** WHAT TO PRODUCE **
Using the word "Images" as the filter, copy each matching line from the records.

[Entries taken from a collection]
>>>

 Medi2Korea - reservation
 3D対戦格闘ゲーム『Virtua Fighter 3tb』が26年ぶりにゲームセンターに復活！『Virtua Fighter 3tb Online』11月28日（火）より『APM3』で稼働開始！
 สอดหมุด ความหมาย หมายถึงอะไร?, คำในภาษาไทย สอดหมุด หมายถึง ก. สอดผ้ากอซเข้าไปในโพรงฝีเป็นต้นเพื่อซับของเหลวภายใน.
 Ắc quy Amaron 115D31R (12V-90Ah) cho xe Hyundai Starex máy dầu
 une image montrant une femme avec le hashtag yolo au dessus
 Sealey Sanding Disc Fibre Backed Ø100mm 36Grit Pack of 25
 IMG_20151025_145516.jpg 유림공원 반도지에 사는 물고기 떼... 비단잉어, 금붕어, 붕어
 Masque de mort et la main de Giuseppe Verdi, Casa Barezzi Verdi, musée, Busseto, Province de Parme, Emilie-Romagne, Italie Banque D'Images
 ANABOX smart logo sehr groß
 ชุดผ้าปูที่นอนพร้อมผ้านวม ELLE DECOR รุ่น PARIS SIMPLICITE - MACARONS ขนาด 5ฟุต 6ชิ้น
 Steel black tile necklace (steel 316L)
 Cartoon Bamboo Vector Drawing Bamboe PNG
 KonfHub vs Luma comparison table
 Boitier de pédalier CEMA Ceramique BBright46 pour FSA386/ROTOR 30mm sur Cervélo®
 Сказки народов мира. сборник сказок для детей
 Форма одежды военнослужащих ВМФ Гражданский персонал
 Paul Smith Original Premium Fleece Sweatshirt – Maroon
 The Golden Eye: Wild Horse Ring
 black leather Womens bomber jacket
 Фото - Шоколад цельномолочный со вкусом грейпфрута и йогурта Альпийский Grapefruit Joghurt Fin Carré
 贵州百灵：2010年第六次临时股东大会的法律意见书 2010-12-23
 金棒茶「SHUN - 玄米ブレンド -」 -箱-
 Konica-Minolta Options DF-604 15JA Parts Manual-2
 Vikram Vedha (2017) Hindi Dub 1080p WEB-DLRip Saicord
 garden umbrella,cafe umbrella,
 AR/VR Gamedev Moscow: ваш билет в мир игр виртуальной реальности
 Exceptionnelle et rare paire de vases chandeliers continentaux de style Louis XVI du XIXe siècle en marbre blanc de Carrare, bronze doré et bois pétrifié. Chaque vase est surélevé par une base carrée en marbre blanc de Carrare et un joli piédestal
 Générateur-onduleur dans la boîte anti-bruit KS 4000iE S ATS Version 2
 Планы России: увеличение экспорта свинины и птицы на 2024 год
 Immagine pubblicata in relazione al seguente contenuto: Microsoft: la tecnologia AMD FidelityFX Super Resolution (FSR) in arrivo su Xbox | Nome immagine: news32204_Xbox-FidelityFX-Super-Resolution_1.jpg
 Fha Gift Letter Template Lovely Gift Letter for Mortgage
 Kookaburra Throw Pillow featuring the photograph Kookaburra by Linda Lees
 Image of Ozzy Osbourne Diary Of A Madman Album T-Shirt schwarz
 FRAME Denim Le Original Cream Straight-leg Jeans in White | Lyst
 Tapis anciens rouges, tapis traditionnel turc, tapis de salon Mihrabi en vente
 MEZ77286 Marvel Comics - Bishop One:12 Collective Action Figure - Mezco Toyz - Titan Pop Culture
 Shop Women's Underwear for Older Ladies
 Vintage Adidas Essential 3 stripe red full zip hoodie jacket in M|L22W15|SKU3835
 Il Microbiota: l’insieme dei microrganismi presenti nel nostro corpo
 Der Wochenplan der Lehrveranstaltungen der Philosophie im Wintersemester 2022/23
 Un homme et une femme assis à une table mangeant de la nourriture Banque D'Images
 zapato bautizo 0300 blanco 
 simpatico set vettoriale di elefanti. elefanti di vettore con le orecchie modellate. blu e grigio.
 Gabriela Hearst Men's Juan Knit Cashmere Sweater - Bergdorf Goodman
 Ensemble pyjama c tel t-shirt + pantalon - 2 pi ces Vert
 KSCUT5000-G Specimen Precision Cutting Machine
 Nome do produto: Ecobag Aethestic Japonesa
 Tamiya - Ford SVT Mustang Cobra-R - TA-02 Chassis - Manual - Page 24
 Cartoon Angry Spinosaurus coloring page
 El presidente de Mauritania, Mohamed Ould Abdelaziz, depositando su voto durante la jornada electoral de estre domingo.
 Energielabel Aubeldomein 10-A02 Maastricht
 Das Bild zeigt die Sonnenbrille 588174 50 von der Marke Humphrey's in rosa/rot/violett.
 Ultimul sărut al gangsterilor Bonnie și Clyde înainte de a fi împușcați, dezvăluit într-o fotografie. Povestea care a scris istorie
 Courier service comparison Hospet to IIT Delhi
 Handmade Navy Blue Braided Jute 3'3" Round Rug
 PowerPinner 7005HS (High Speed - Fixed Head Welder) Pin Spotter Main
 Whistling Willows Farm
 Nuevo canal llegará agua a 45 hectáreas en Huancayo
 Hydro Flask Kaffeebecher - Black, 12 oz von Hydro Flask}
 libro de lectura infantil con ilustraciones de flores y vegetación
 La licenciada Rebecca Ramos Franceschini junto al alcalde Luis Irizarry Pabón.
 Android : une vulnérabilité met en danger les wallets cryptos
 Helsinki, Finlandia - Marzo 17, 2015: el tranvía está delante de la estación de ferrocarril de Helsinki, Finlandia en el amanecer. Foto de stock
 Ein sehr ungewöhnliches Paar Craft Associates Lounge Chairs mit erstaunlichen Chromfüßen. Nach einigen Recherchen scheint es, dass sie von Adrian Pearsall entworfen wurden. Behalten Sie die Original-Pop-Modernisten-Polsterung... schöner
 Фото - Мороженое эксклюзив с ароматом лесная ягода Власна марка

<<<

** SOLUTION FOR THIS EXERCISE **
 Masque de mort et la main de Giuseppe Verdi, Casa Barezzi Verdi, musée, Busseto, Province de Parme, Emilie-Romagne, Italie Banque D'Images
 Un homme et une femme assis à une table mangeant de la nourriture Banque D'Images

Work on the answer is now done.